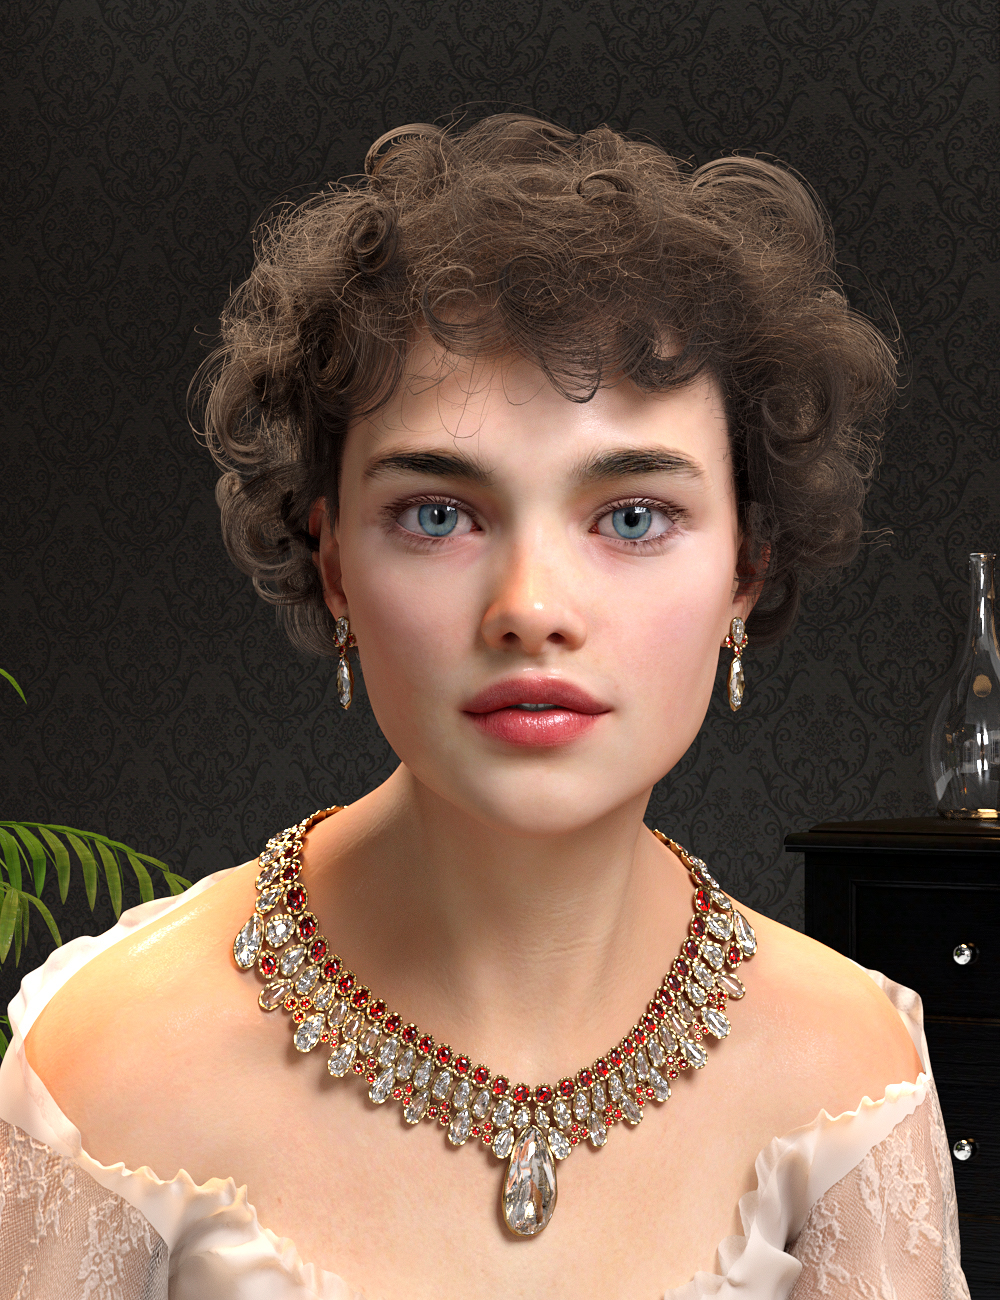 Nikolina for Genesis 8 Female by: Virtual_World, 3D Models by Daz 3D
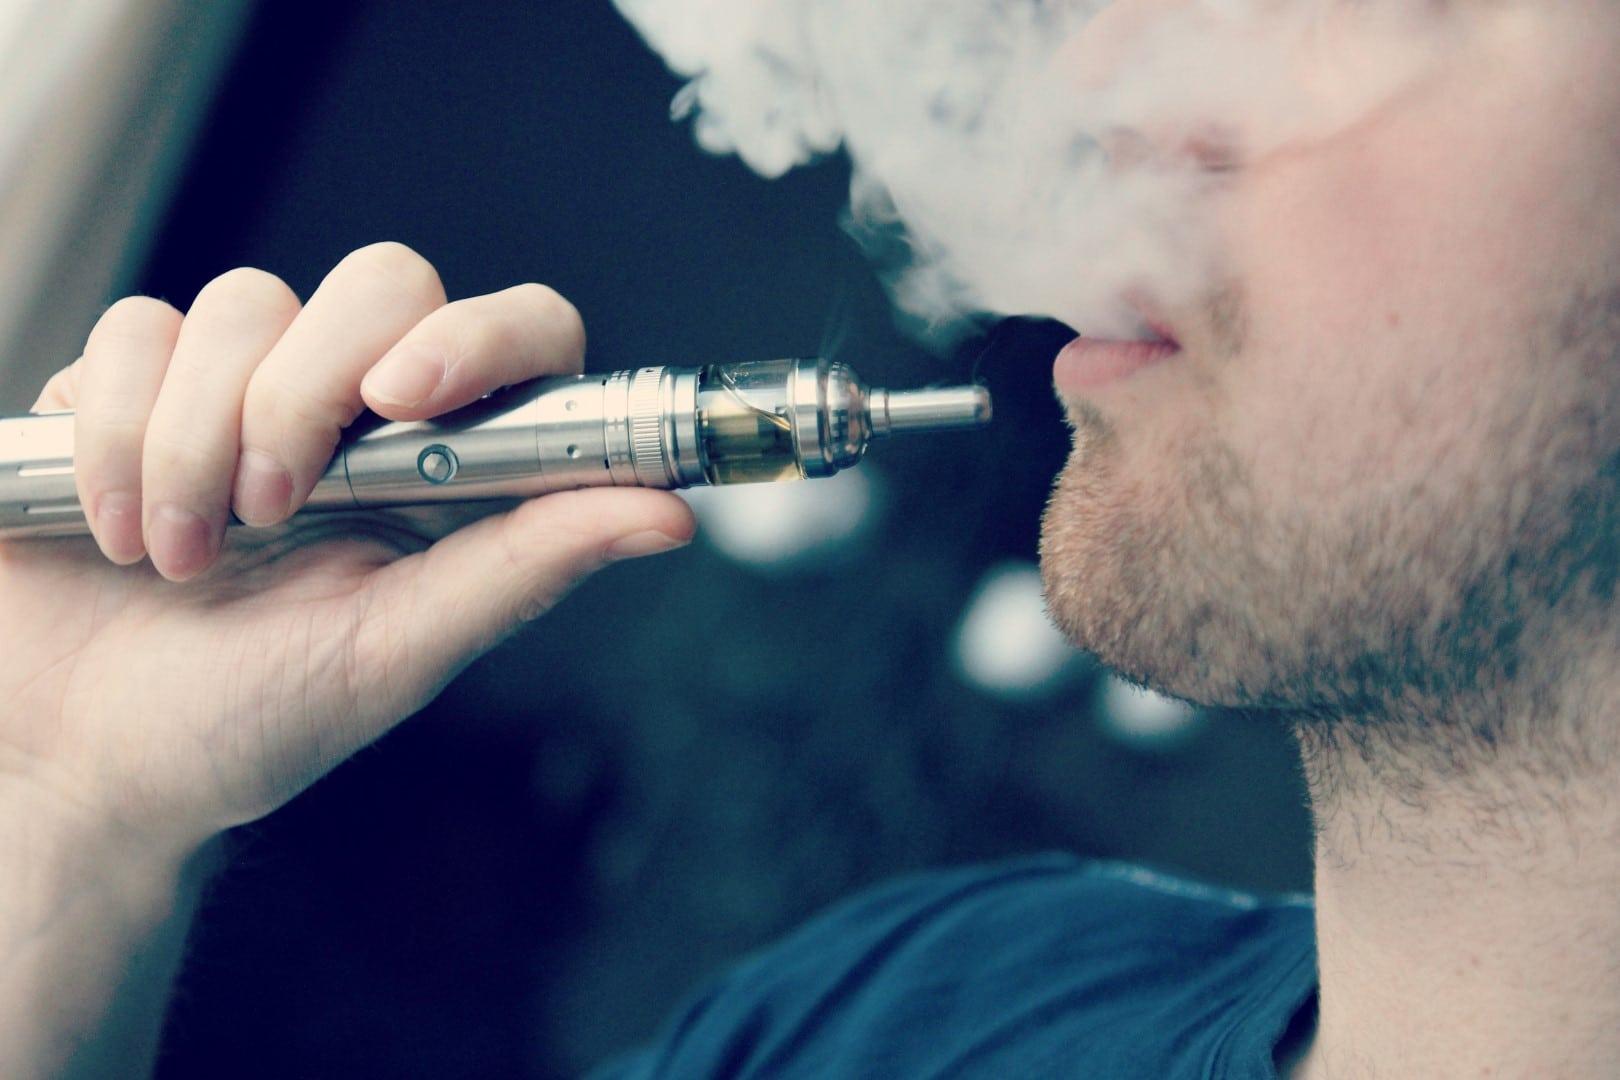 e-cigarette-electronic_cigarette-e-cigs-e-liquid-vaping-cloud_chasing_16323004716
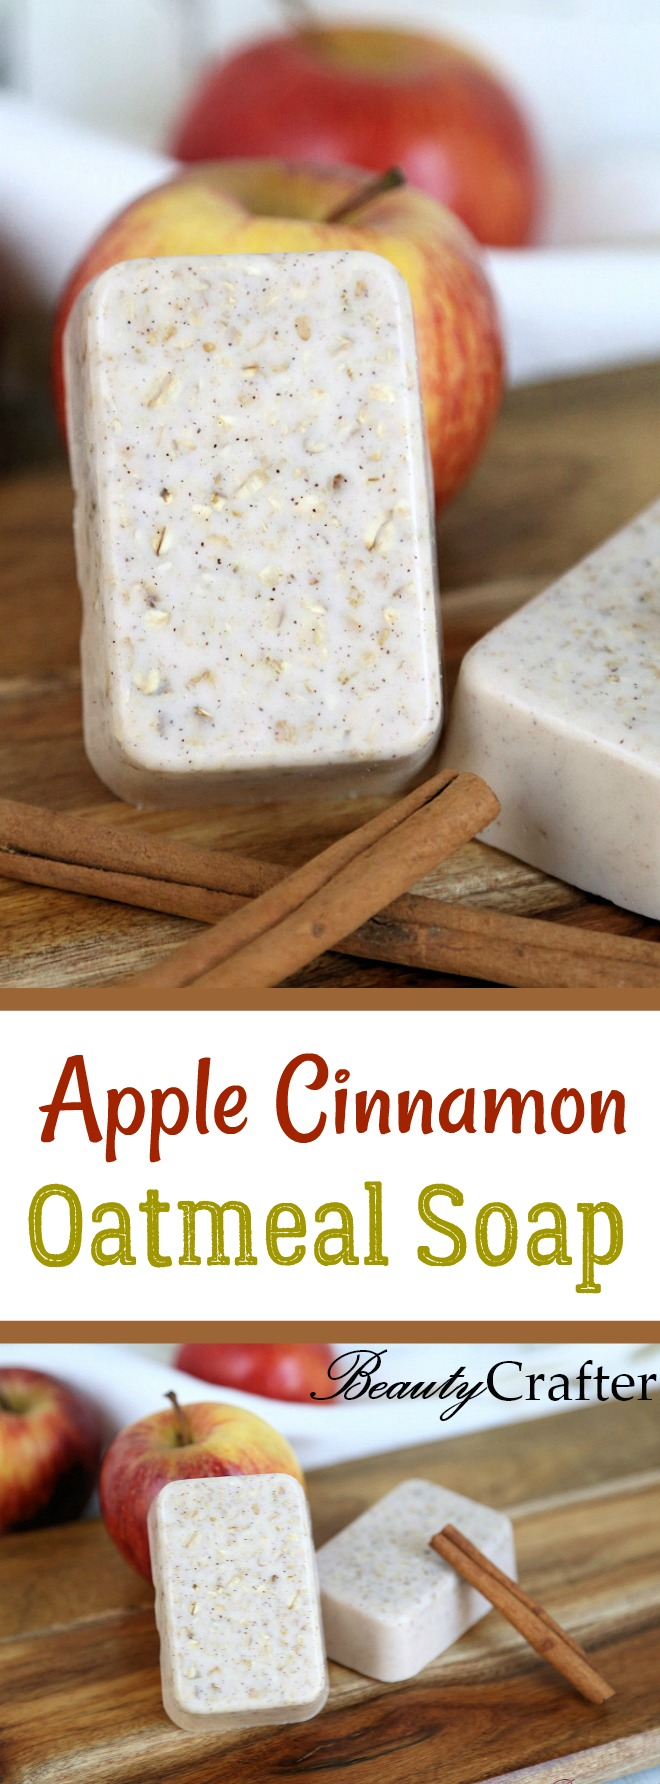 Apple Cinnamon Oatmeal Soap Easy Diy Soap Recipe For Fall
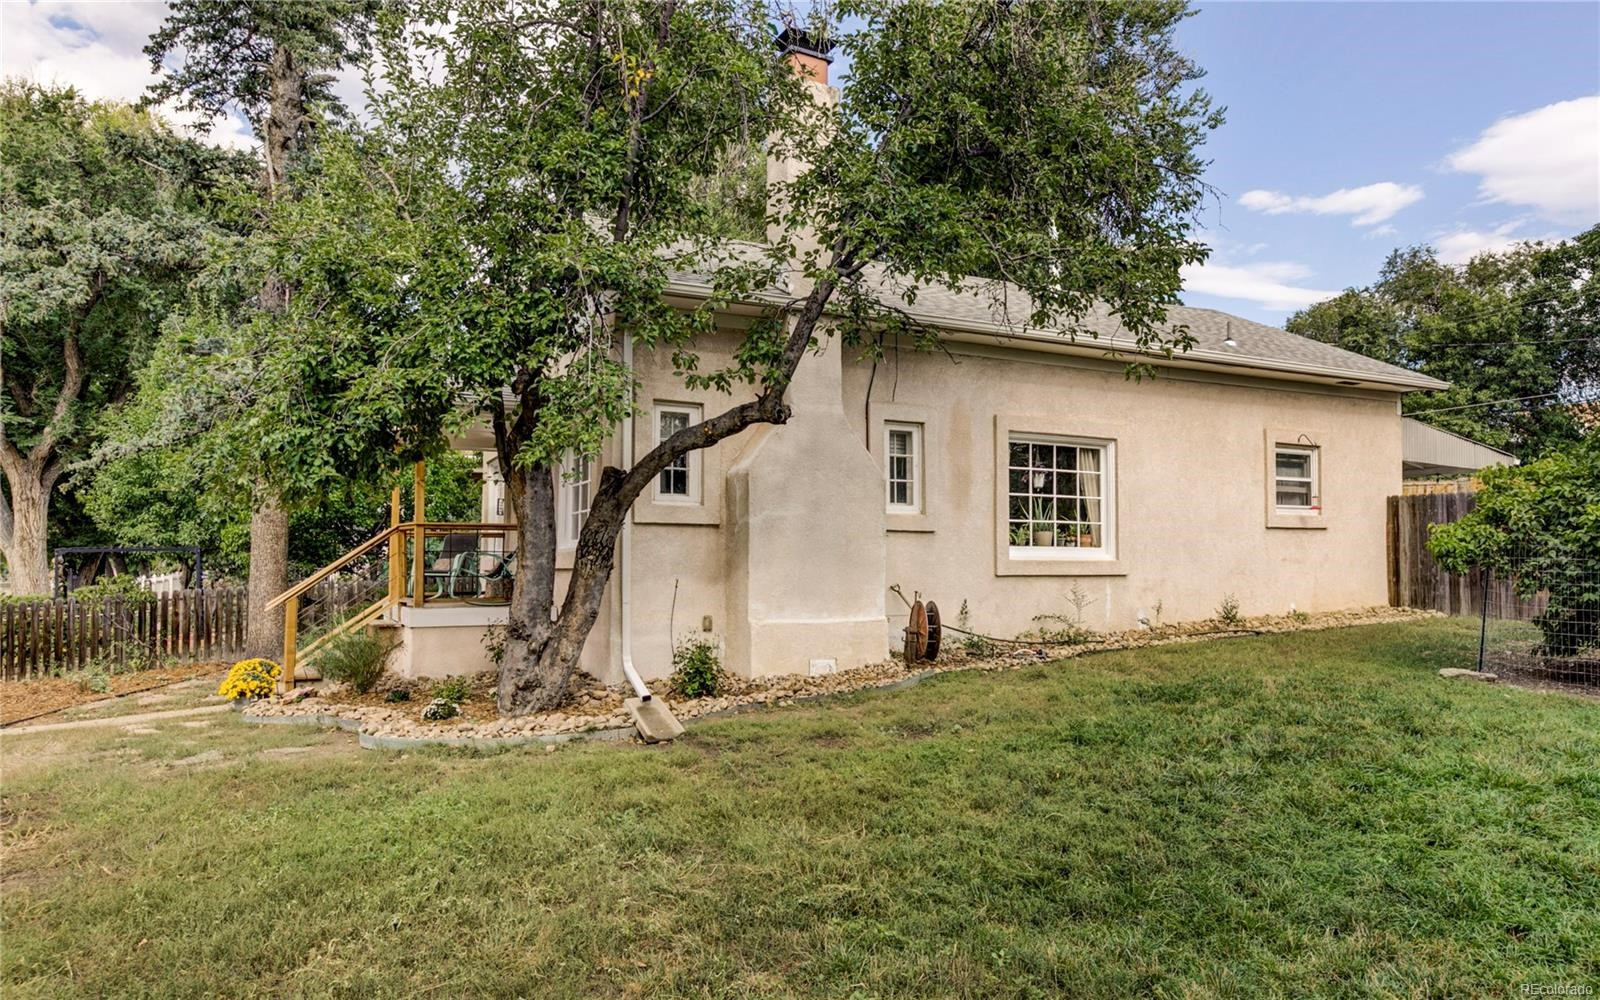 MLS# 3493456 - 3 - 2018 Armstrong Avenue, Colorado Springs, CO 80904
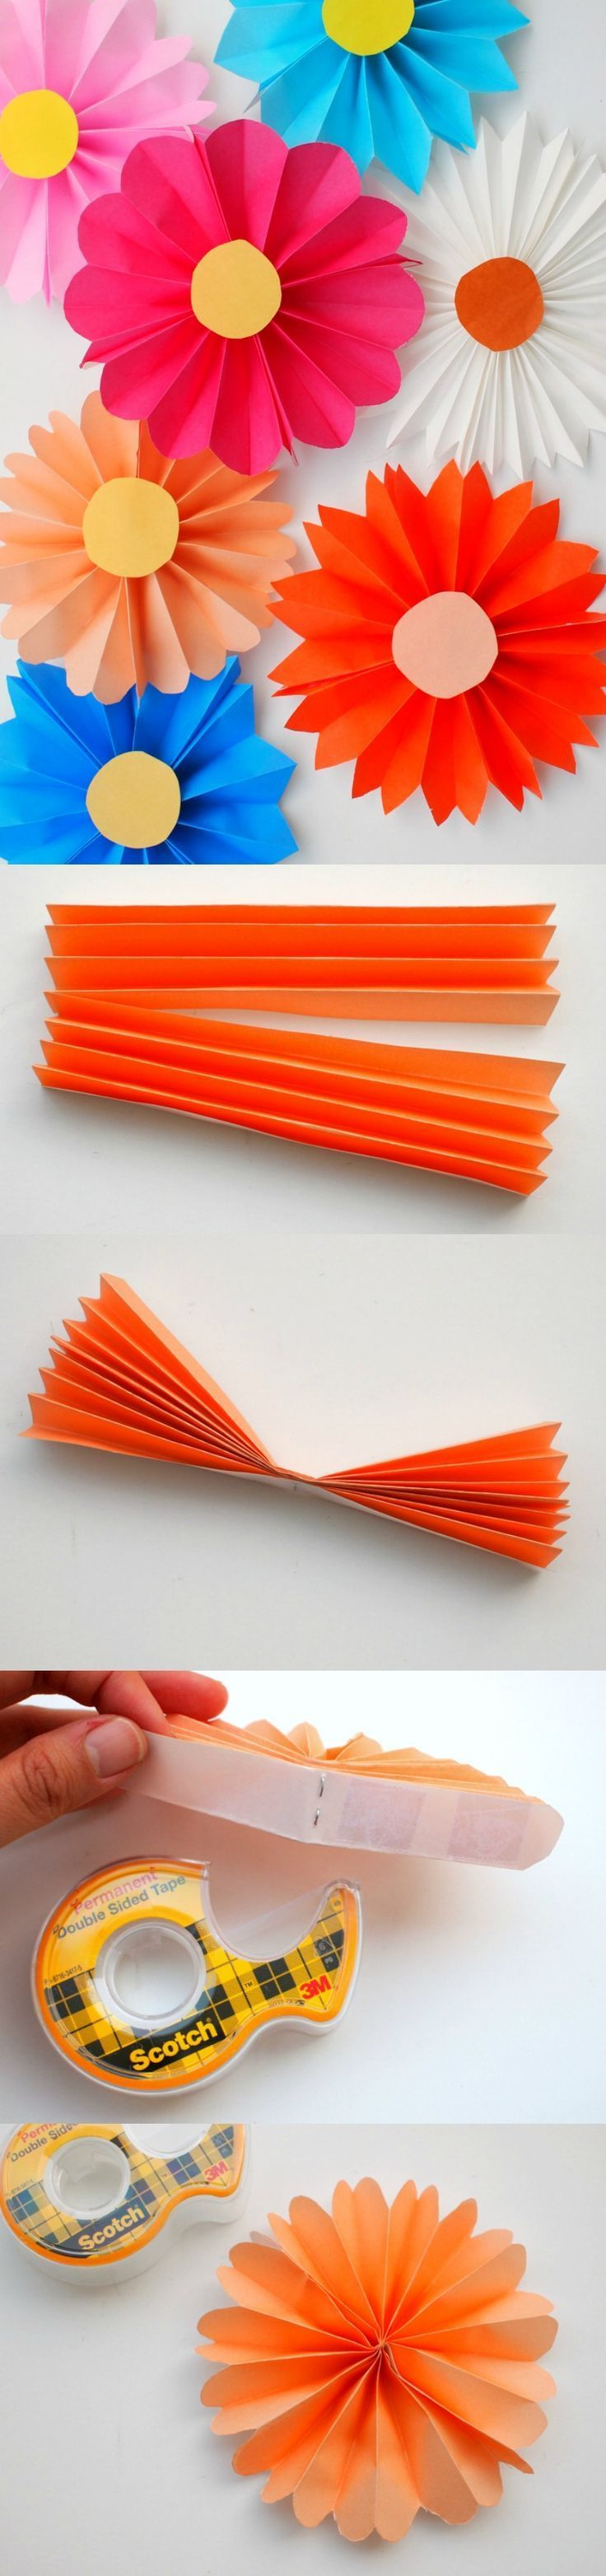 Accordion Paper Flowers 324 best Paper Crafts

_Instructions for the task:_ The line with "MLS# 3493456 - 3" and each line after it, through the final line of the data, are to be duplicated exactly, with pictures left out and nothing more included.

_Written reply:_
 MLS# 3493456 - 3 - 2018 Armstrong Avenue, Colorado Springs, CO 80904
 Accordion Paper Flowers 324 best Paper Crafts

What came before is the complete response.